Moreover, partnerships enabled by the BD Hubs program will lead to professional certificate programs and student internships, creating a pipeline of graduates from partner institutions to join industry, public/government agencies, national labs, resource-planning agencies, and regulatory commissions.
“The BD Hubs program represents a unique approach to improving the impact of data science by establishing partnerships among likeminded stakeholders,” said Jim Kurose, NSF’s head of Computer and Information Science and Engineering. “In doing so, it enables teams of data science researchers to come together with domain experts, with cities and municipalities, and with anchor institutions to establish and grow collaborations that will accelerate progress in a wide range of science and education domains with the potential for great societal benefit.”
Big Data “Spokes”
Along with the BD Hubs awards, the NSF posted a solicitation for the next phase of the BD Hubs program. The agency will award approximately $10 million in grants as part of the Big Data Spokes program (BD Spokes) to help initiate research in specific priority areas identified by the BD Hubs. Each BD Spoke will focus on a specific BD Hub priority area and address one or more of three key issues: improving access to data; automating the data lifecycle; and applying data science techniques to solve a domain science problem and/or demonstrate societal impact.

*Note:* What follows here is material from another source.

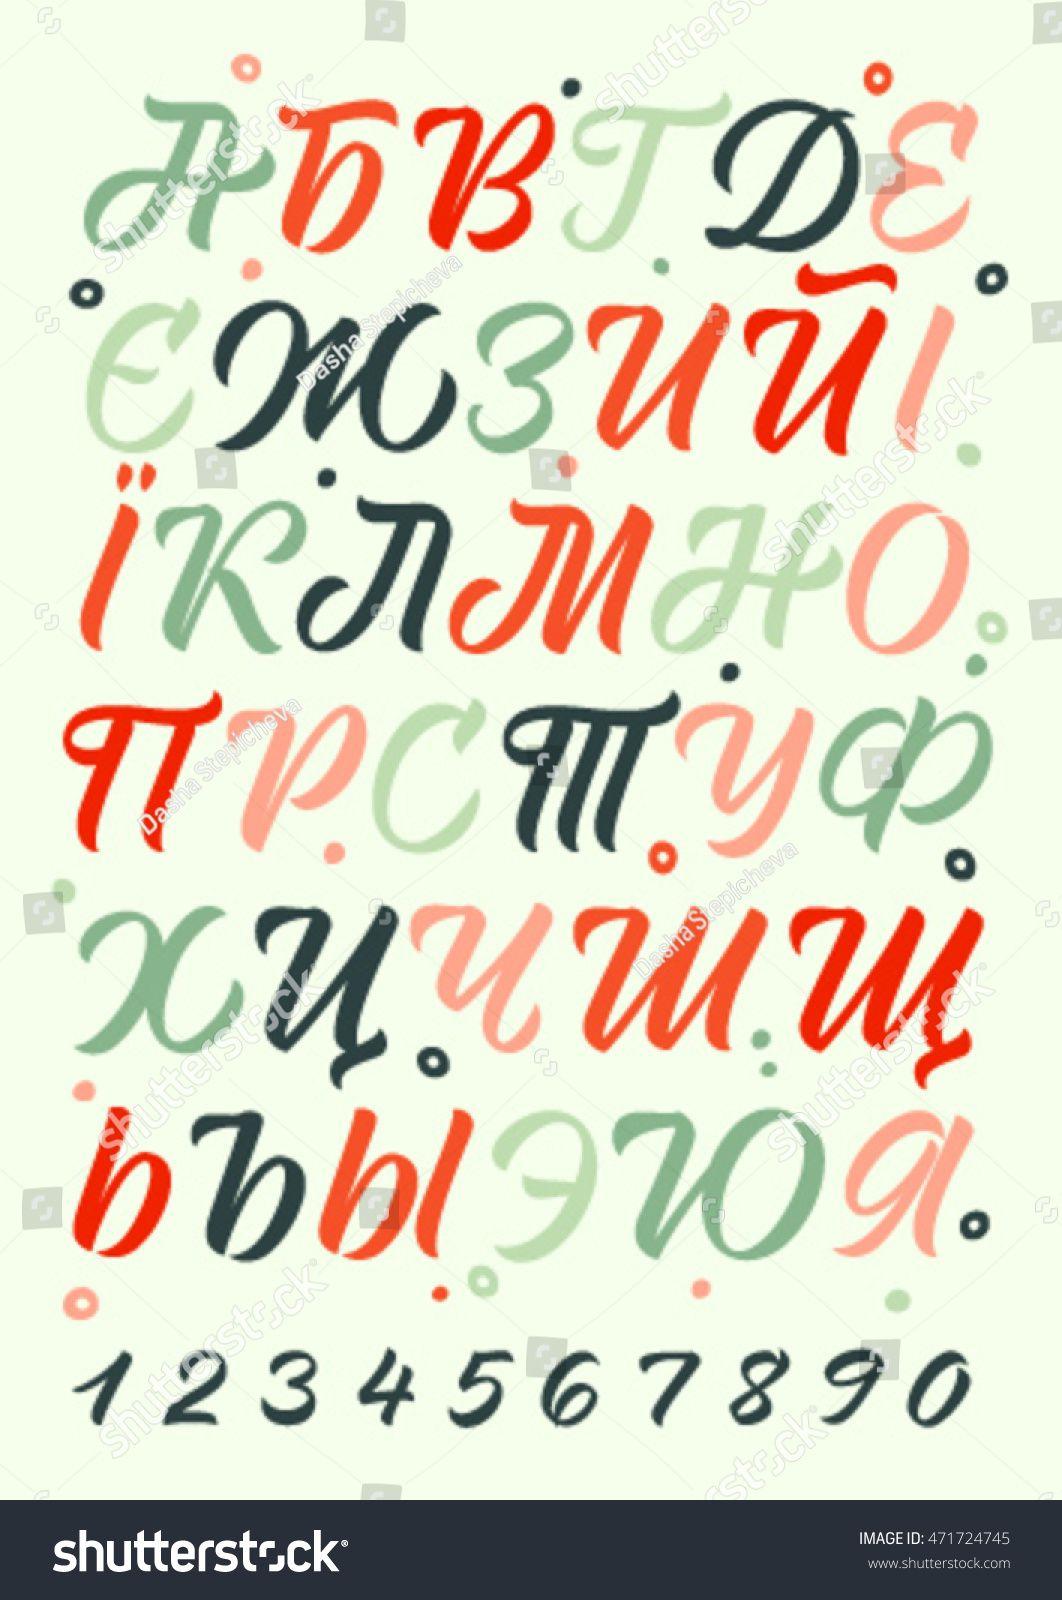 Vector Cyrillic Alphabet Russian And Ukrainian Letters

The following are thematic areas which could develop into spokes over the course of the BD Hubs program:
BD Hubs Leadership Meeting
The announcement of the BD Hubs awards and BD Spokes solicitation comes days before the first national stakeholders meeting of the BD Hubs, to be held on November 3-5 in Arlington, Virginia. This national BD Hubs “charrette” will provide an opportunity for leaders and researchers representing each BD Hub to discuss governance and sustainability models, coordinate ideas for BD Spokes and identify next steps.
The last day of the meeting will include two public webinars. At the first webinar, BD Hubs representatives will publicly present and discuss their plans, as well as mechanisms for governance and coordination among BD Hubs stakeholders. The second webinar will be held in conjunction with the National Data Science Organizer’s Workshop and will discuss the role of the BD Hubs in engaging with grassroots data science groups, such as Meetup groups and non-profits.
As an Organized Research Unit of UC San Diego, SDSC is considered a leader in data-intensive computing and cyberinfrastructure, providing resources, services, and expertise to the national research community, including industry and academia. Cyberinfrastructure refers to an accessible, integrated network of computer-based resources and expertise, focused on accelerating scientific inquiry and discovery. SDSC supports hundreds of multidisciplinary programs spanning a wide variety of domains, from earth sciences and biology to astrophysics, bioinformatics, and health IT. SDSC’s Comet joins the Center’s data-intensive Gordon cluster, and are both part of the National Science Foundation’s XSEDE (eXtreme Science and Engineering Discovery Environment) program, the most advanced collection of integrated digital resources and services in the world.